= NETCONF =

Network management protocol

NETCONF protocol layers

The Network Configuration Protocol (NETCONF) is a network management protocol developed and standardized by the IETF. It was developed in the NETCONF working group and published in December 2006 as RFC 4741 and later revised in June 2011 and published as RFC 6241. The NETCONF protocol specification is an Internet Standards Track document.

NETCONF provides mechanisms to install, manipulate, and delete the configuration of network devices. Its operations are realized on top of a simple Remote Procedure Call (RPC) layer. The NETCONF protocol uses an Extensible Markup Language (XML) based data encoding for the configuration data as well as the protocol messages. The protocol messages are exchanged on top of a secure transport protocol.

The NETCONF protocol can be conceptually partitioned into four layers:

1. The Content layer consists of configuration data and notification data.
2. The Operations layer defines a set of base protocol operations to retrieve and edit the configuration data.
3. The Messages layer provides a mechanism for encoding remote procedure calls (RPCs) and notifications.
4. The Secure Transport layer provides a secure and reliable transport of messages between a client and a server.

The NETCONF protocol has been implemented in network devices such as routers and switches by some major equipment vendors. One particular strength of NETCONF is its support for robust configuration change using transactions involving a number of devices.

== History ==

The IETF developed the Simple Network Management Protocol (SNMP) in the late 1980s and it proved to be a very popular network management protocol. In the early part of the 21st century it became apparent that in spite of what was originally intended, SNMP was not being used to configure network equipment, but was mainly being used for network monitoring. In June 2002, the Internet Architecture Board and key members of the IETF's network management community got together with network operators to discuss the situation. The results of this meeting are documented in RFC 3535. It turned out that each network operator was primarily using a different proprietary command-line interface (CLI) to configure their devices. This had a number of features that the operators liked, including the fact that it was text-based, as opposed to the BER-encoded SNMP. In addition, many equipment vendors did not provide the option to completely configure their devices via SNMP. As operators generally liked to write scripts to help manage their boxes, they found the SNMP CLI lacking in a number of ways. Most notably was the unpredictable nature of the output. The content and formatting of output was prone to change in unpredictable ways.

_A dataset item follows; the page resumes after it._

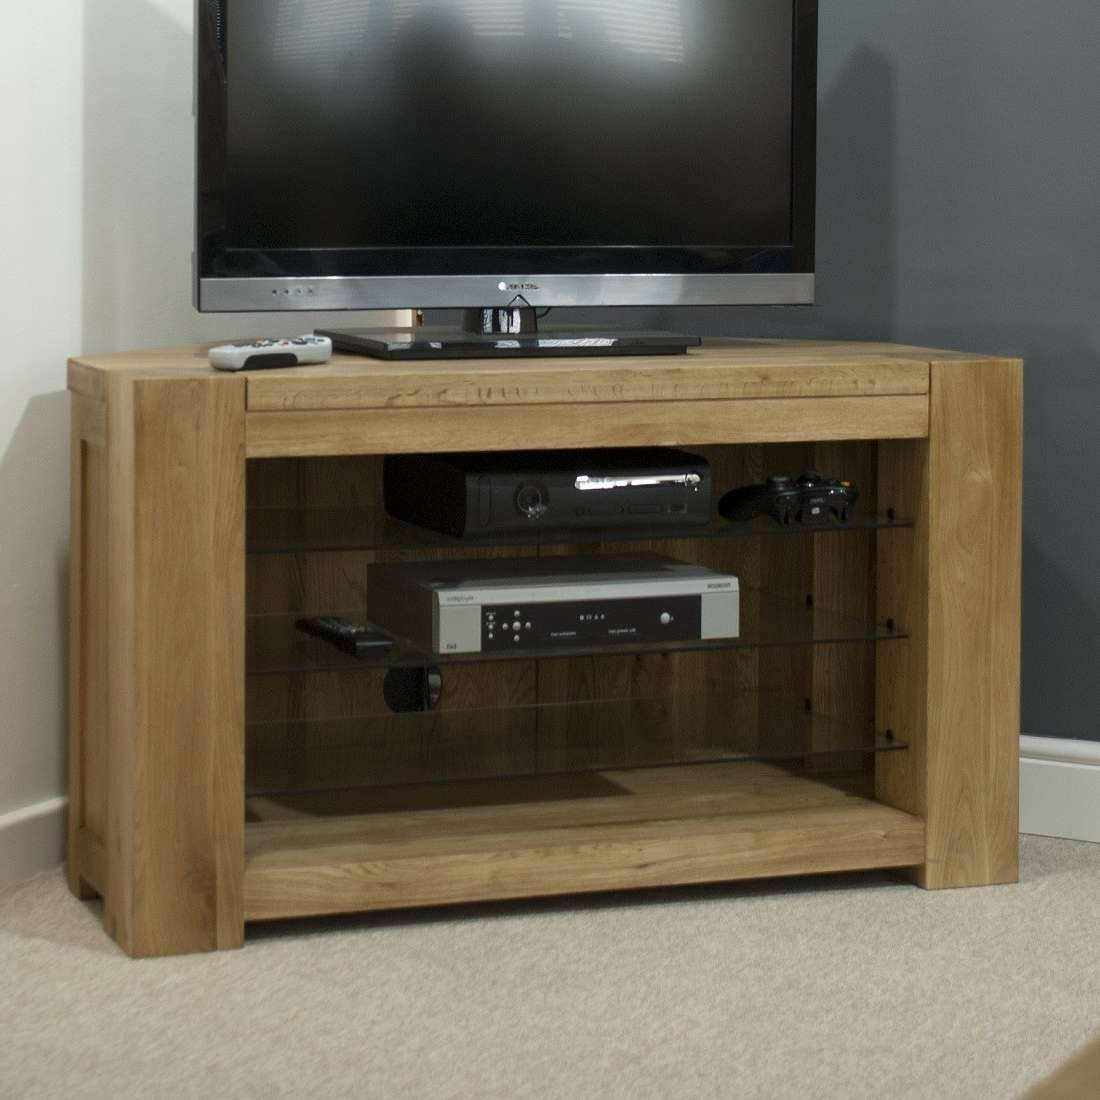 Oak Tv Units / Cabinets | Oak Furniture Uk Pertaining To Light Oak Corner Tv Cabinets (View 11 of 20)

Around this same time, Juniper Networks had been using an XML-based network management approach. This was brought to the IETF and shared with the broader community. Collectively, these two events led the IETF in May 2003 to the creation of the NETCONF working group. This working group was chartered to work on a network configuration protocol, which would better align with the needs of network operators and equipment vendors. The first version of the base NETCONF protocol was published as RFC 4741 in December 2006. Several extensions were published in subsequent years (notifications in RFC 5277 in July 2008, partial locks in RFC 5717 in December 2009, with-defaults in RFC 6243 in June 2011, system notifications in RFC 6470 in February 2012, access control in RFC 6536 in March 2012). A revised version of the base NETCONF protocol was published as RFC 6241 in June 2011.

== Protocol layers ==

=== Content ===

The content of NETCONF operations is well-formed XML. Most content is related to network management. Subsequently, support for encoding in JavaScript Object Notation (JSON) was also added.

The NETMOD working group has completed work to define a "human-friendly" modeling language for defining the semantics of operational data, configuration data, notifications, and operations, called YANG. YANG is defined in RFC 6020 (version 1) and RFC 7950 (version 1.1), and is accompanied by the "Common YANG Data Types" found in RFC 6991.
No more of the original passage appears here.